Mr. Paul Stinchcombe (Wellingborough): Can the hon. Gentleman clarify one matter for me in respect of amendment No. 275? I recognise the phraseology from certain equity and land law books. Normally, the third party is referred to as the bona fide purchaser for value. What relevance is there in his refusal to include the words ''for value'' in his formulation?

Mr. Grieve: Subsection (1) says:

    ''If the defendant transfers property to another person for a consideration''.

As ''consideration'' was referred to earlier, there seemed to be no point in using ''for value'' later; it is as simple as that. I agree with the hon. Gentleman about what normally appears; I did not intend to remove the concept of its being for value. If it is thought that the words ''for value'' ought to appear, I would be the last person to stand in the Minister's way. Indeed, he could reject the amendments and the new clause and redraft the clause; it might be better to do so.

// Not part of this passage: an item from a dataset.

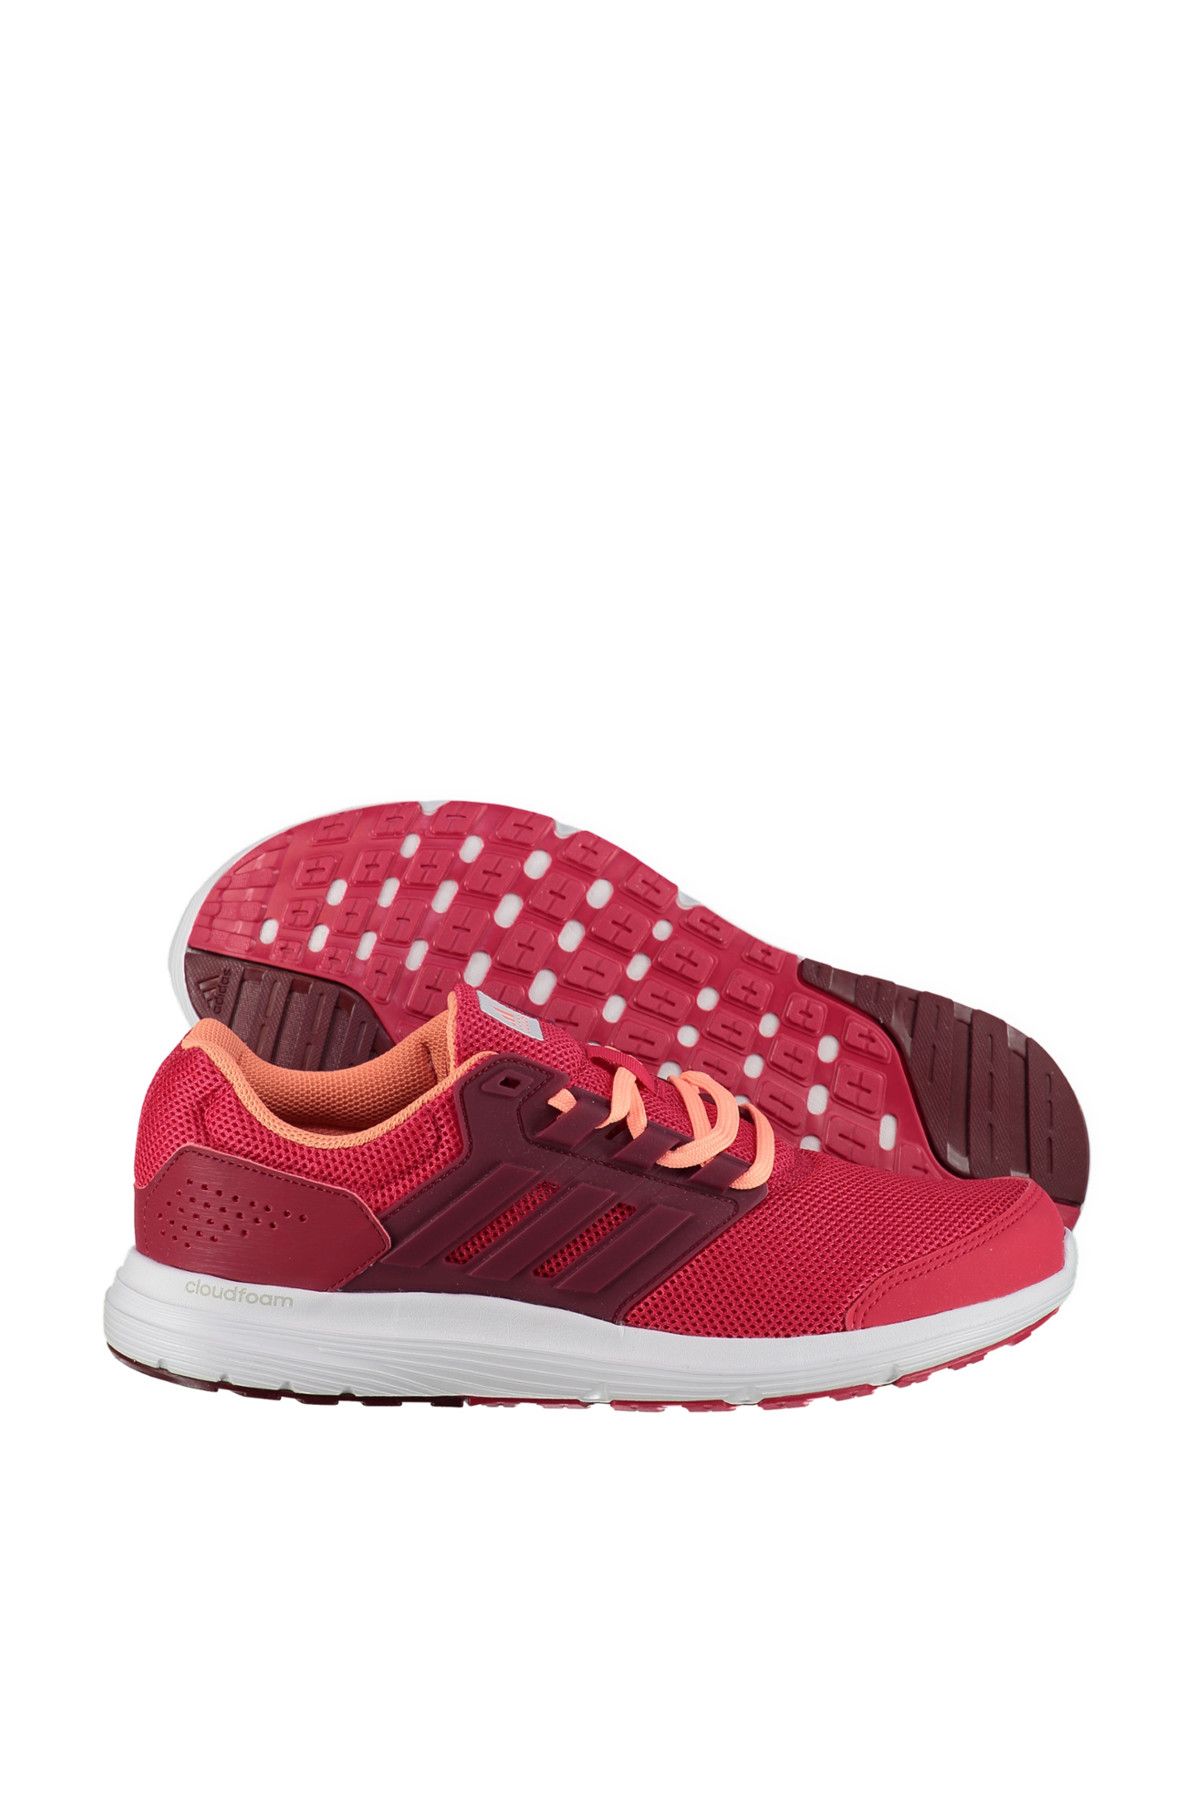 adidas Kadın Koşu Ayakkabı - Galaxy 4 - BY2848

I claim no great drafting expertise, particularly with respect to equitable concepts.

The amendment's aim is simple: a reduction in value between the date property is obtained and the date it is transferred for value to an innocent third party should not be recovered from the third party. Clause 78 allows that—or can the Minister persuade me otherwise? I fully accept that it would be perfectly proper to recover the difference in value from the defendant if funds are available over and above the confiscated assets. However, an innocent third party should not suffer. The best thing that I can do now is listen to Minister's comments on the matter; we may be able to prolong the debate, if necessary.